__Work instruction__: Your task is to repeat the lines below exactly, excluding any pictures they contain.

__Dataset excerpt__:

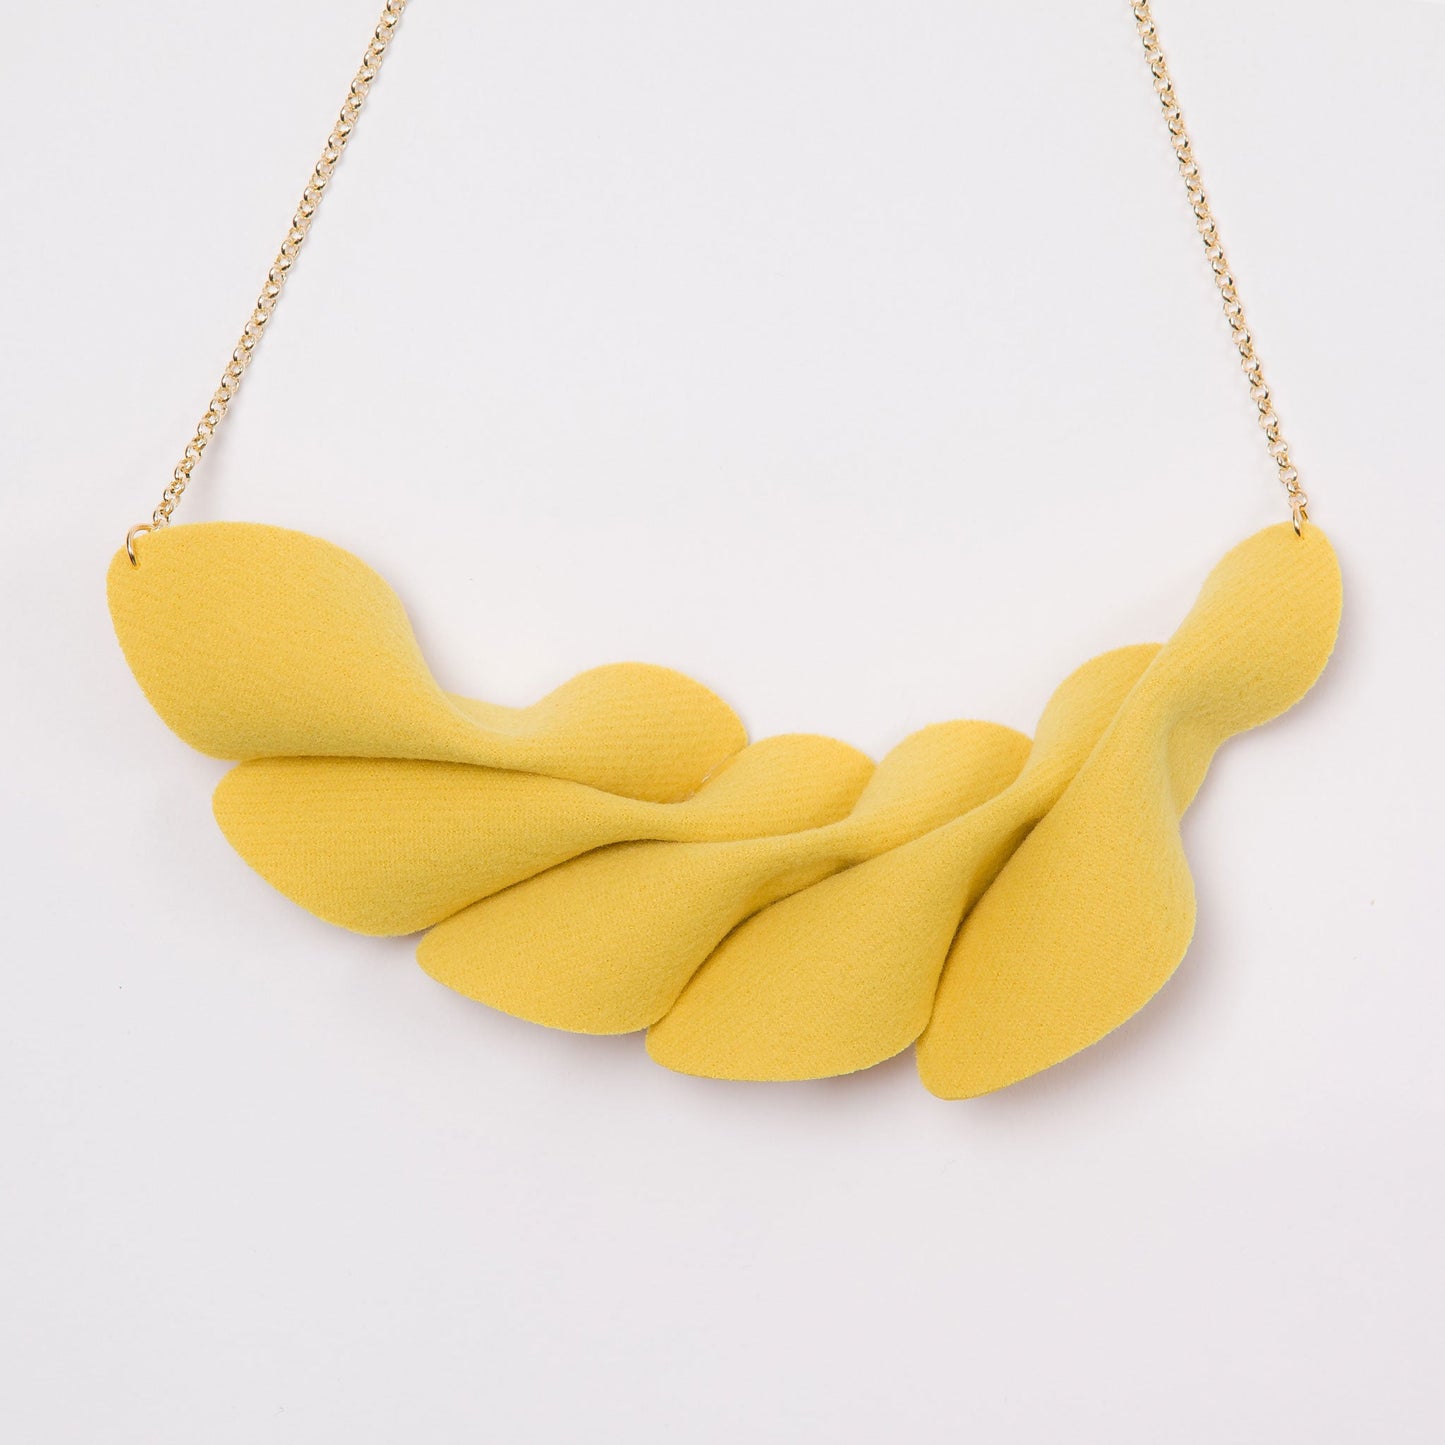 Leaflets Necklace (Mustard)
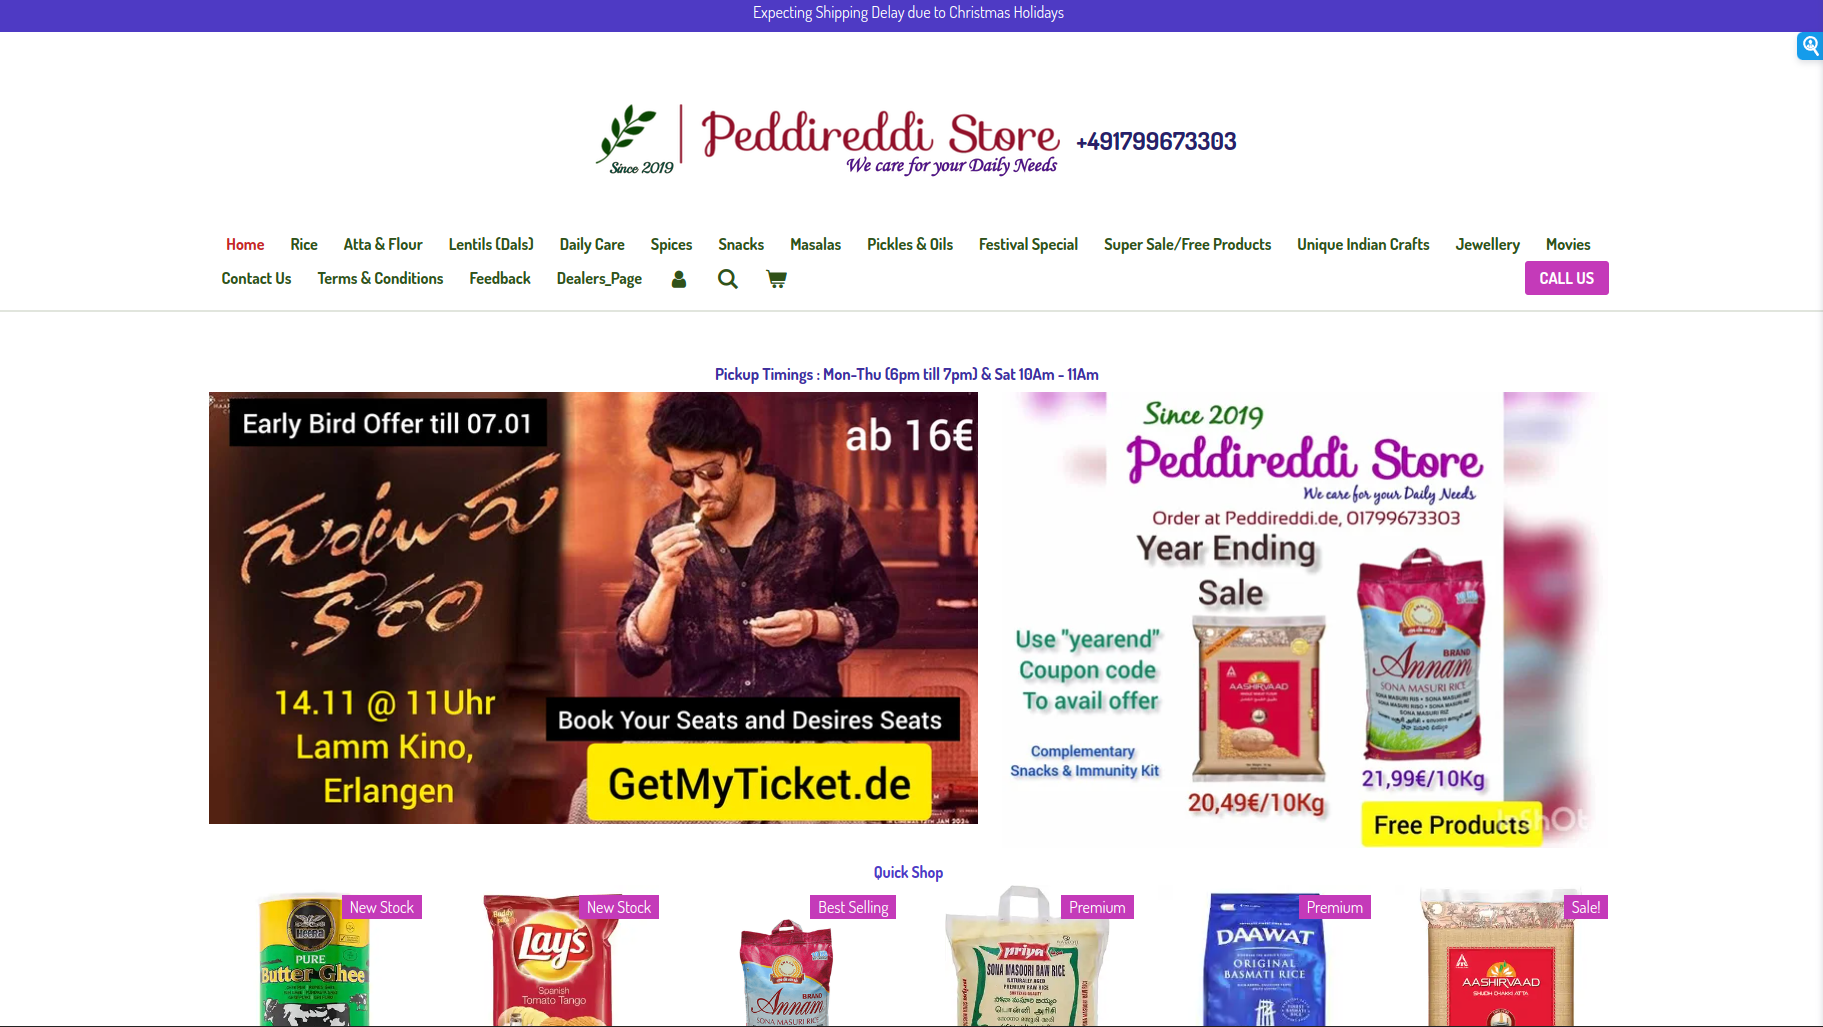 Indian groceries on peddireddi store (Home page of peddireddi.de)
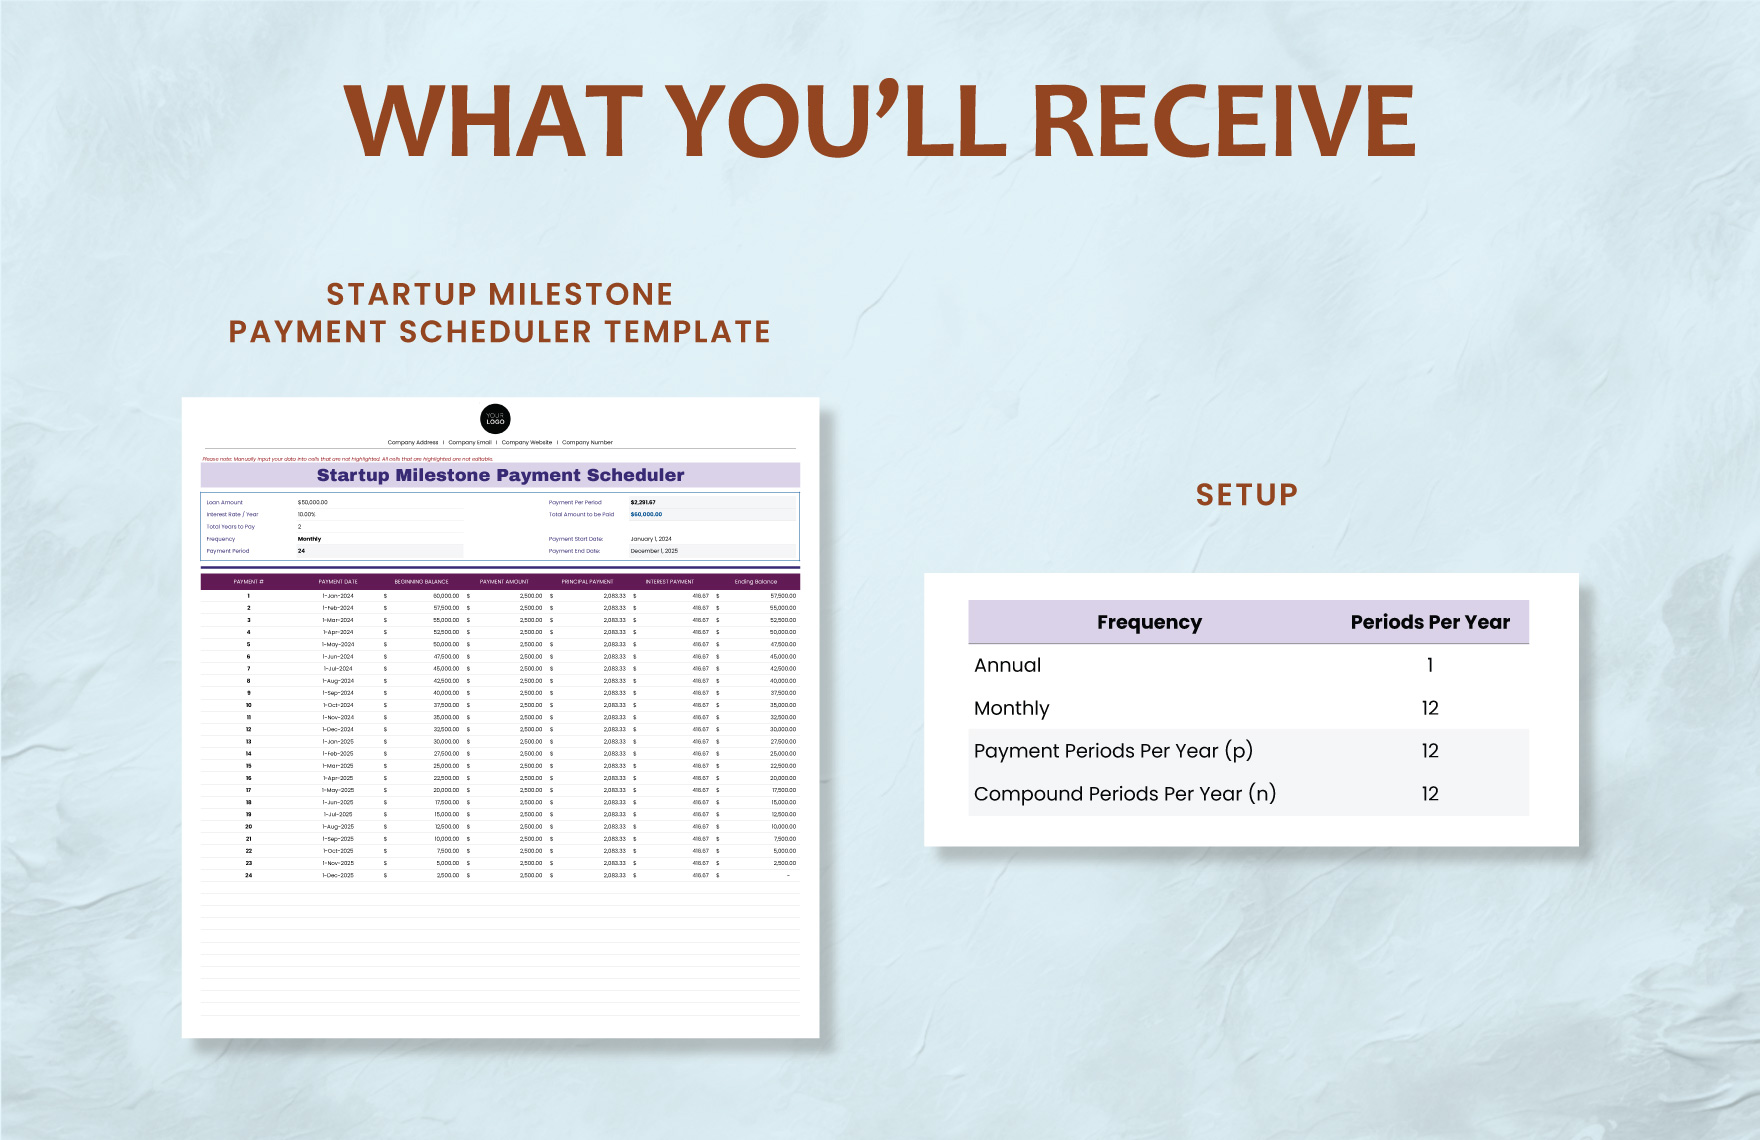 Startup Milestone Payment Scheduler Template

__Exercise solution__:
 Leaflets Necklace (Mustard)
 Indian groceries on peddireddi store (Home page of peddireddi.de)
 Startup Milestone Payment Scheduler Template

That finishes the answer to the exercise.